Backstopped by its trade surplus and foreign currency reserves, China has
been on a building spree for decades. The country has invested massively in
its infrastructure and while billions have been lost to waste and corruption
, the investments will pay dividends for decades to come. New cities, ports,
pipelines, airports, roads, and 18,000 kilometers of high-speed rail lines
mean that China’s infrastructure now rivals that of many Western nations—
especially the U.S. Moreover, Beijing’s investment in research and
development alone topped $279 billion in 2017. By 2020, China is expected to
overtake the U.S. with regard to gross expenditure in this space.
By contrast, Washington’s chief investment in the last two decades has been
the war on terror, which has greatly contributed to its ballooning national
debt. Since 9/11, the Watson Institute for International and Public Affairs
at Brown University estimates that America’s wars have cost the country $4
.6 trillion, not including an additional trillion for meeting military
veterans’ medical and disability requirements through 2056. Nor does that
total take into account the trillions of dollars in interest payments—much
of which will be paid to Chinese creditors—that will be required to service
the debt.
Meanwhile, domestic infrastructure is crumbling, sometimes literally, rating
a D+ according to the American Society of Civil Engineers (ASCE), which
estimates that the U.S. will need to invest $4.5 trillion in its failing
infrastructure by 2027. President Trump, like his predecessor, promised big
spending on infrastructure, which he called “third world” during his
campaign. However, his 10-year, $1.5 trillion plan is riddled with flaws and
has little support in Congress.
While the Chinese have lavished money on infrastructure projects, they have
been relatively abstemious with defense spending. The estimated Chinese
defense budget has increased from $10 billion in 1997 to upwards of $228
billion today, but that still pales in comparison to Washington’s 2018
defense budget of $716 billion.
While modernizing its military is critical for Beijing, it has taken a
measured approach to defense spending. Power projection beyond what it
regards as its sphere of influence, largely the South and East China Seas,
has ranked as a low priority. This is evidenced by where it is spending
money. It has an antiquated aircraft carrier purchased from Ukraine, one
indigenously built carrier undergoing sea trials, and two more under
construction.
But it is no match for the U.S. Navy—at least outside of its coastal waters
. China knows this, and as a consequence has built what it deems to be
unsinkable, low-cost, permanent aircraft carriers in the South China Sea in
the form of artificial islands. Since 2013, China has created 3,200 acres of
new land on and around the reefs that make up the disputed Spratly Islands.
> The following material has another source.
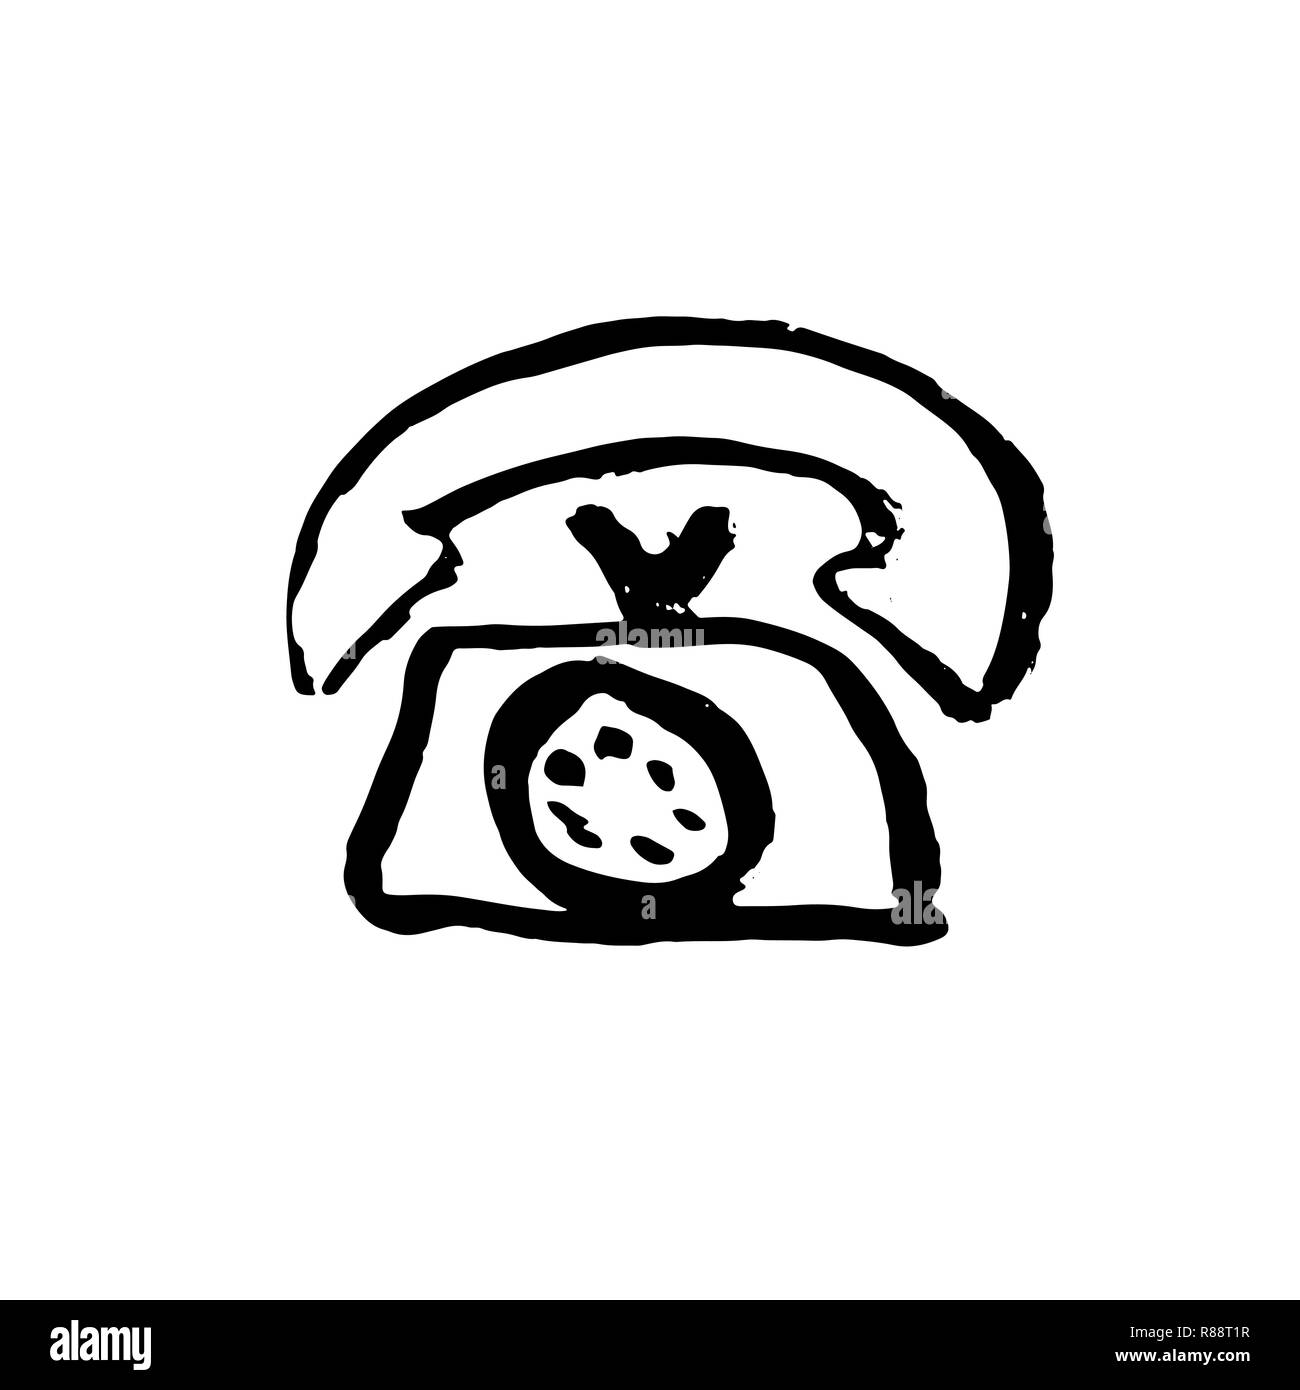 Phone grunge icon. Vector ink brush illustration. Stock Vector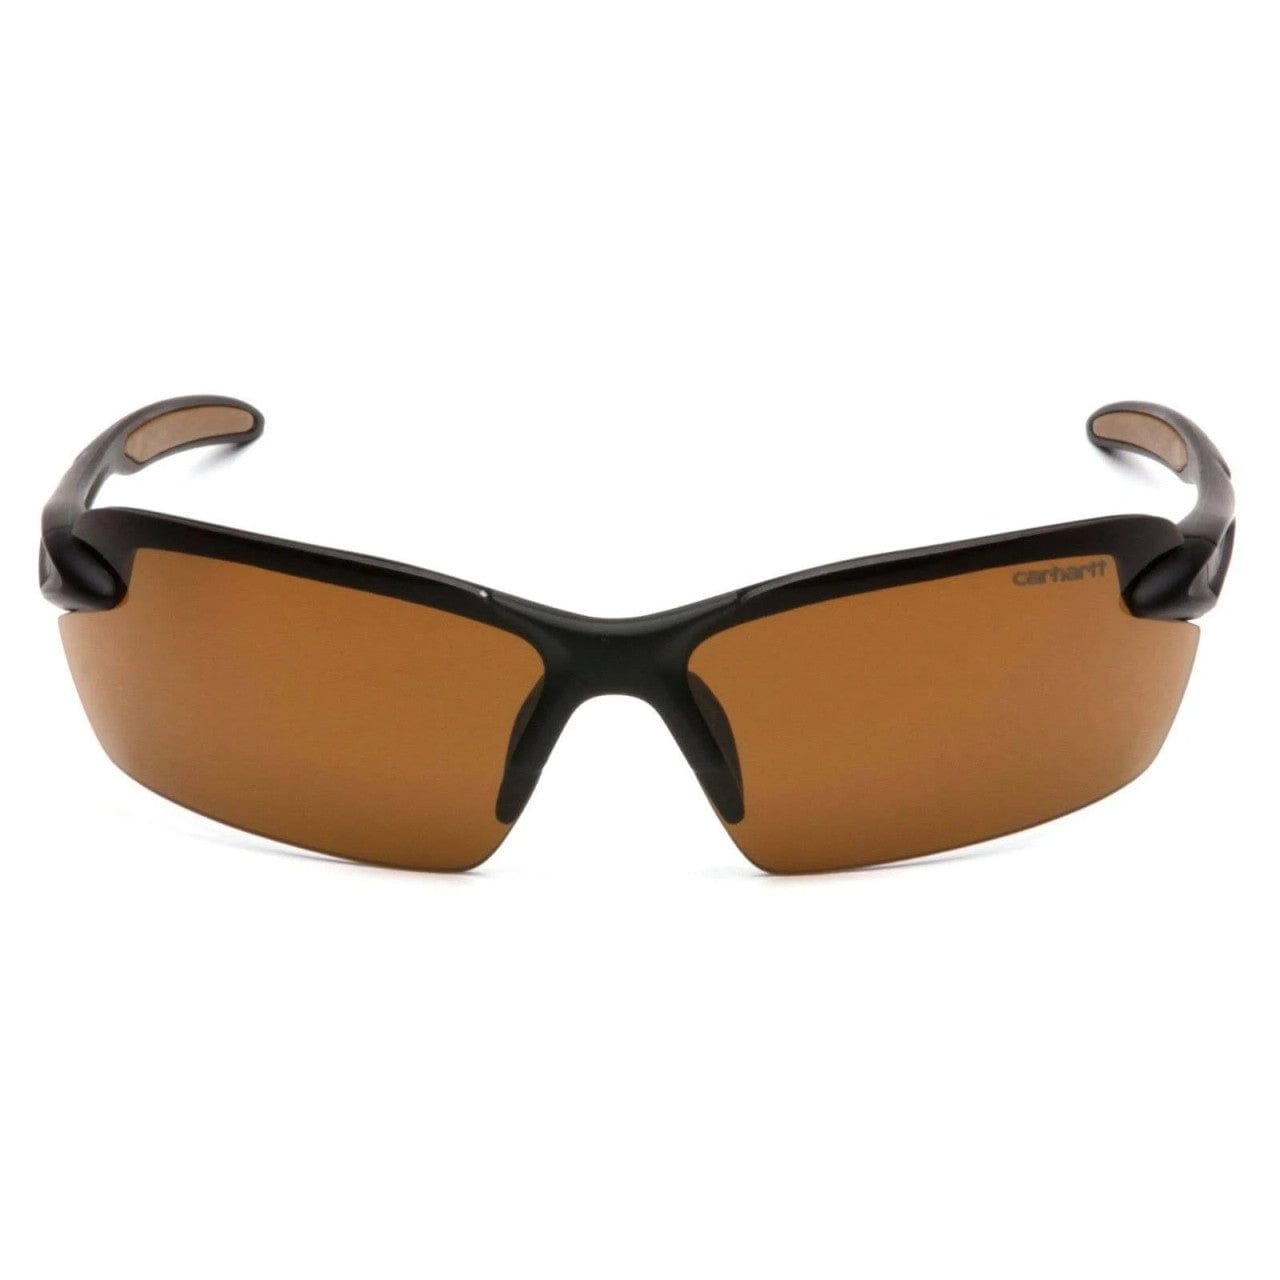 Carhartt Spokane Safety Glasses with Black Frame and Sandstone Bronze Lens CHB318D Front

The artificial islands on which China has built military installations
allow it to project power in the South China Sea but not beyond.
So far China has shown limited interest in developing and funding bases
abroad. While it is thought to have plans for bases in Pakistan and other
nations that lie along the Indian Ocean, China’s only operational military
outpost is in Djibouti. At present, the Chinese have no need to send a $110
million dollar jet halfway around the world to bomb a few men with
Kalashnikovs as the U.S. so often does in its forever war. But that does not
mean their economic and political influence isn’t being felt in places as
far flung as Yemen and Argentina. In these and in many more countries, the
Chinese are staking claims and, in essence, hoping to wait the U.S. out.
A senior aide to Yemen’s former minister of foreign affairs, Abu Bakr al-
Qirbi, told this author just before Yemen descended into war in 2015 (that
the U.S. is deeply involved in), “the Chinese think so differently than
Americans. They’re patient. Their first foreign policy objective is to not
make too many enemies.”
He pointed out that the Chinese diplomats traveled around Yemen’s capital
and throughout the country without bodyguards. Conversely, U.S. diplomats
rarely left the American embassy, and when they did, it was only in a convoy
of armored vehicles with Yemeni and American bodyguards in tow.
The diplomat went on to argue that China’s “second objective is to learn.
They have people in their embassy who know more about what is going on in
parts of this country than I do. Only after learning, do they act on their
third objective which is to tie countries into their economy: resources and
access in exchange for their imports and aid.” He added, “it’s their
patience, their superior understanding of time, that will allow the Chinese
to replace the U.S. as the world’s superpower.”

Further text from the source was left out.